• Supplied information:
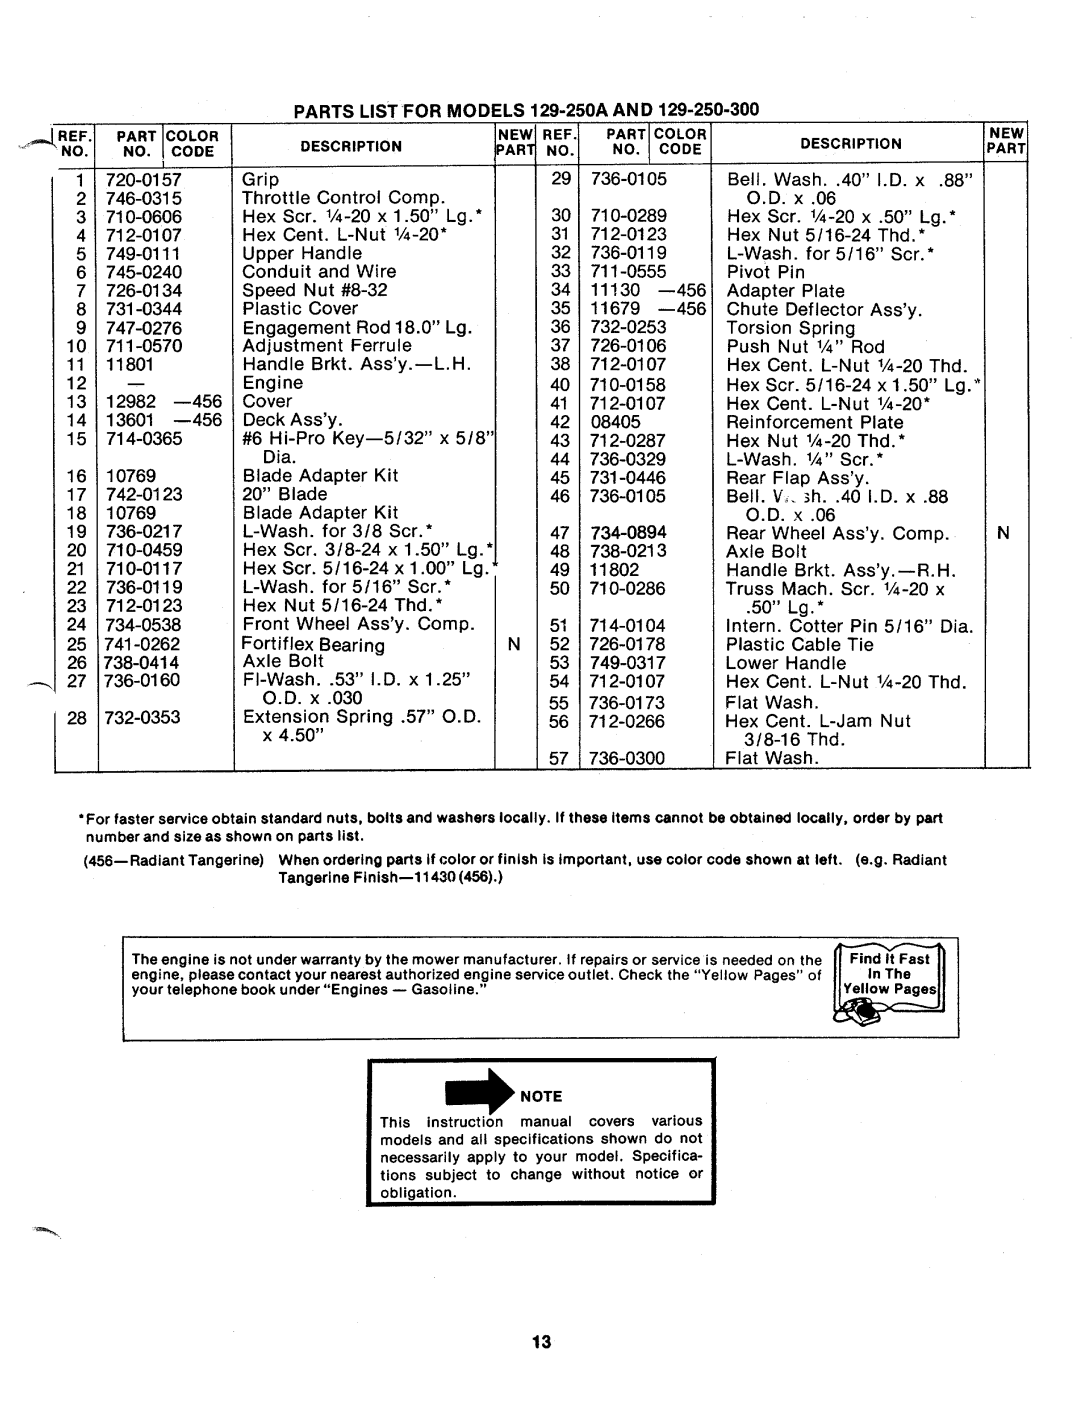 MTD 129-250-300, 129-250A manual 
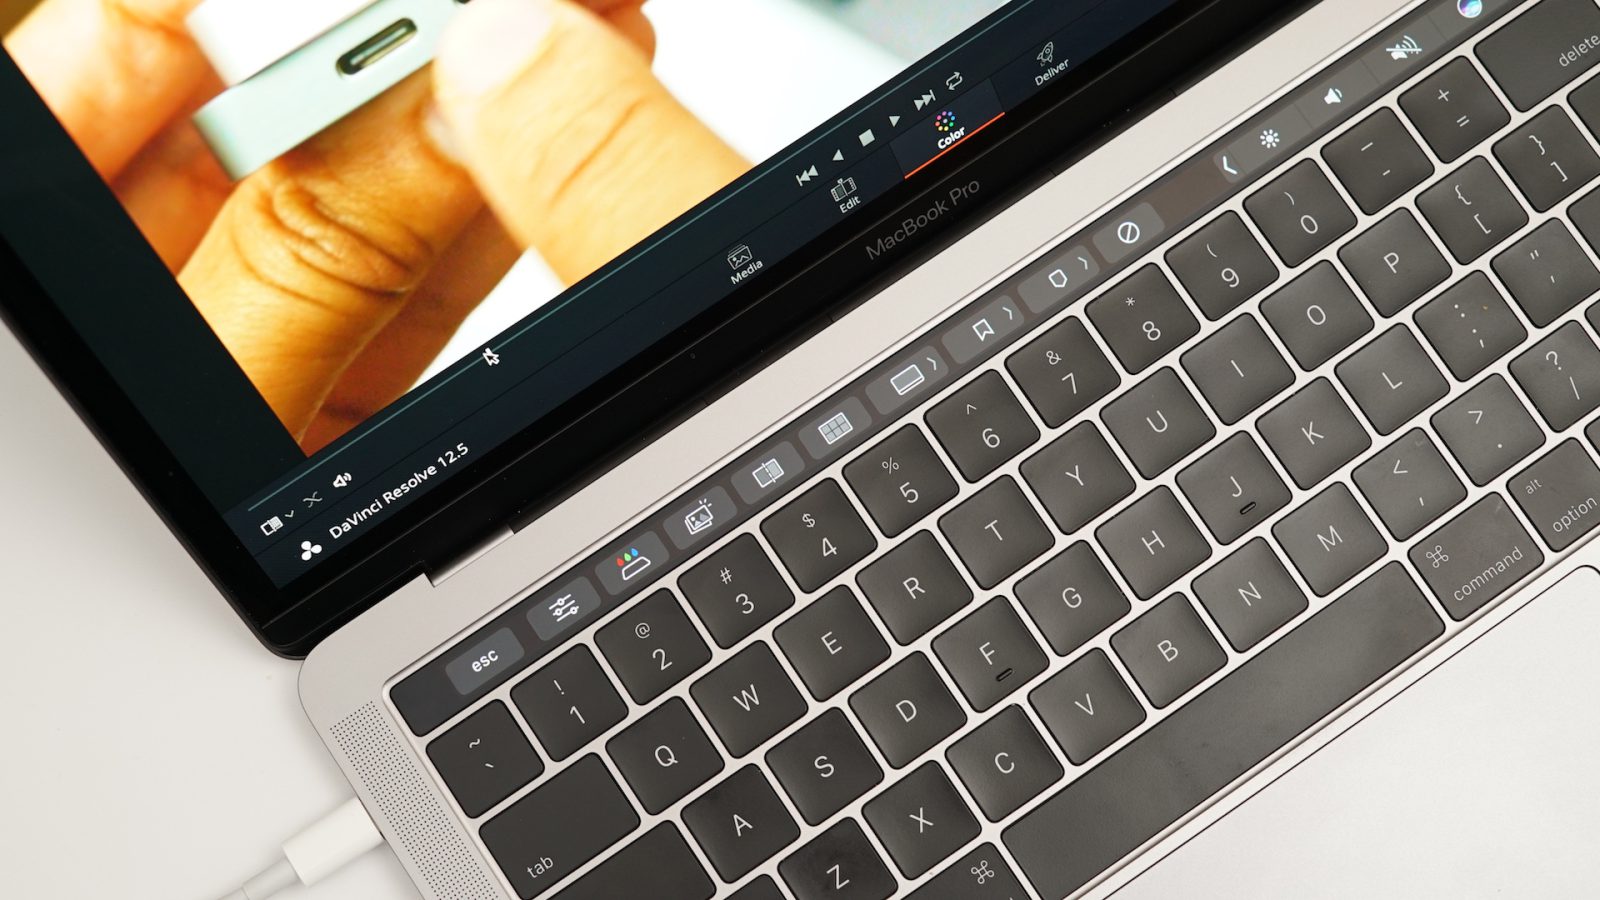 Claviers défectueux des MacBook : 6 millions $ pour l'action
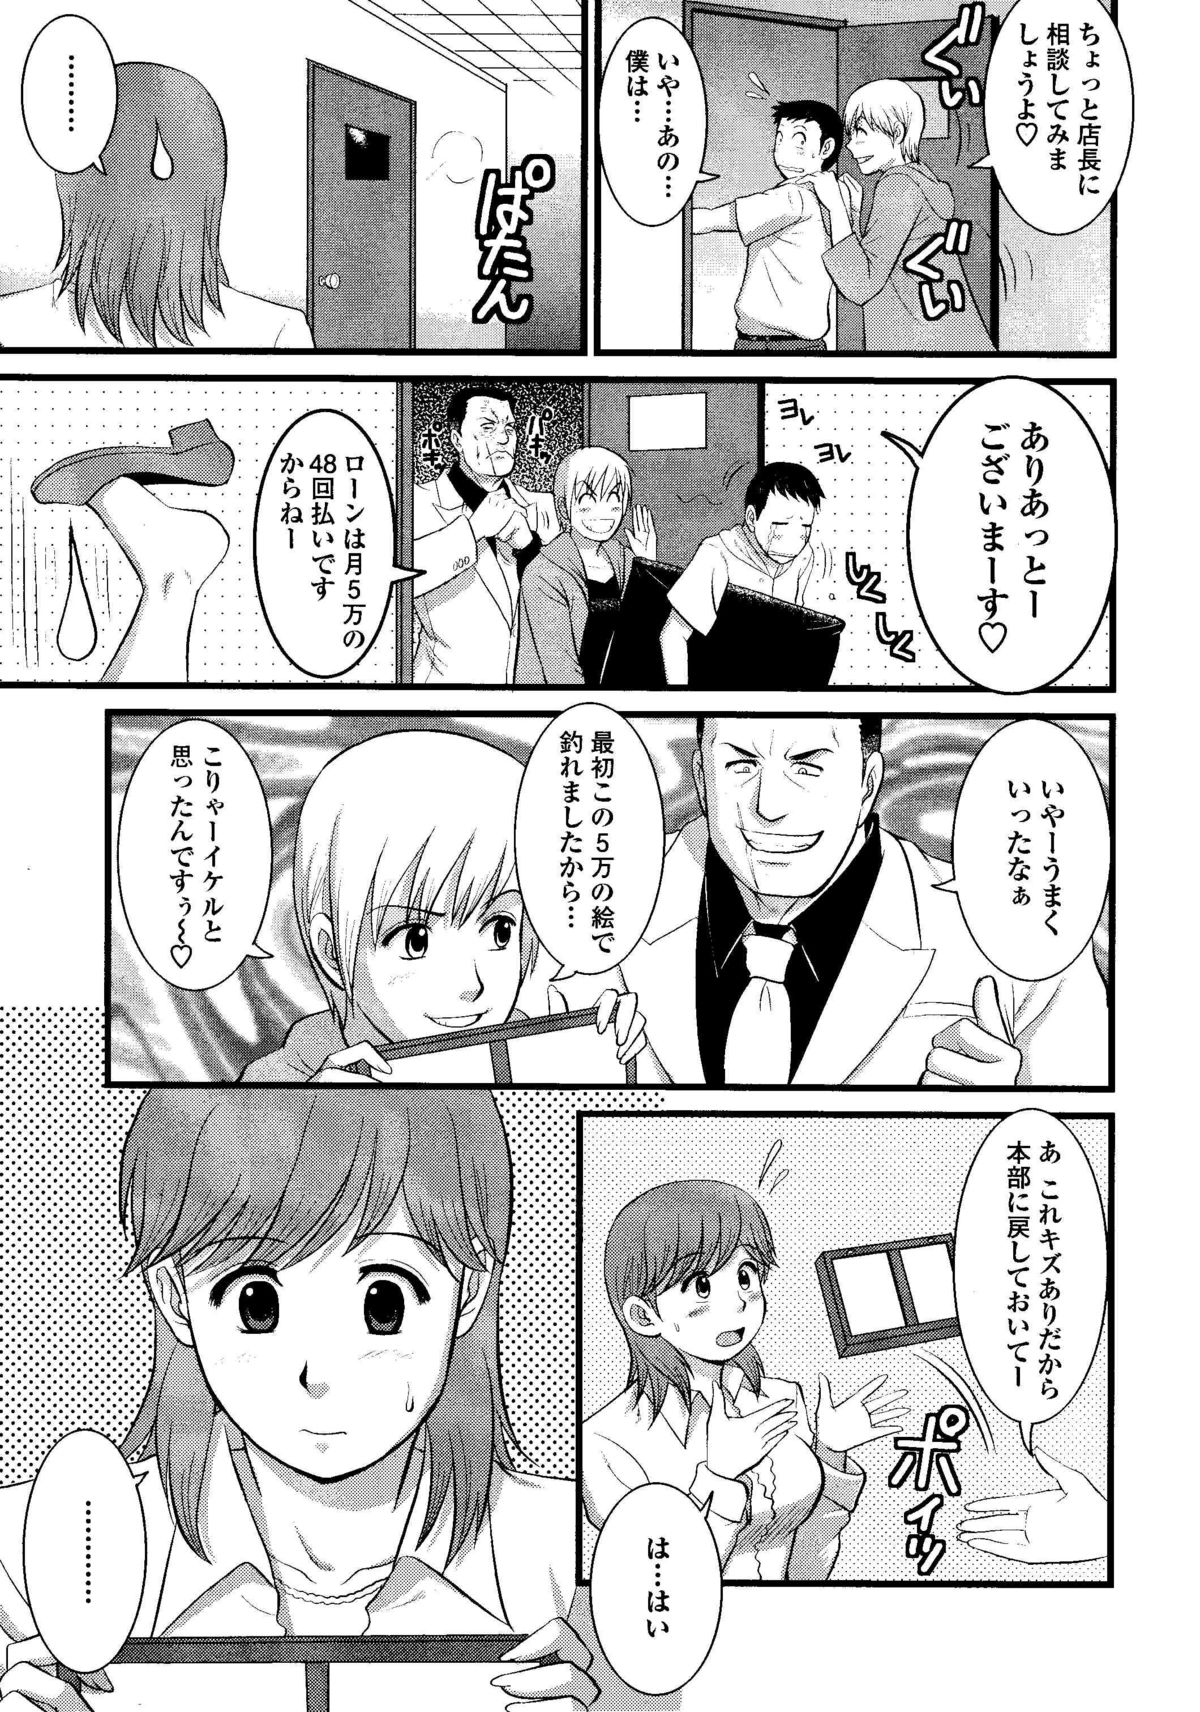 Haken no Muuko-san 8 [Saigado] page 8 full

• Problem to solve:
Restate the data word for word, minus any images.

• Solution:
 MTD 129-250-300, 129-250A manual 
 Claviers défectueux des MacBook : 6 millions $ pour l'action
 Haken no Muuko-san 8 [Saigado] page 8 full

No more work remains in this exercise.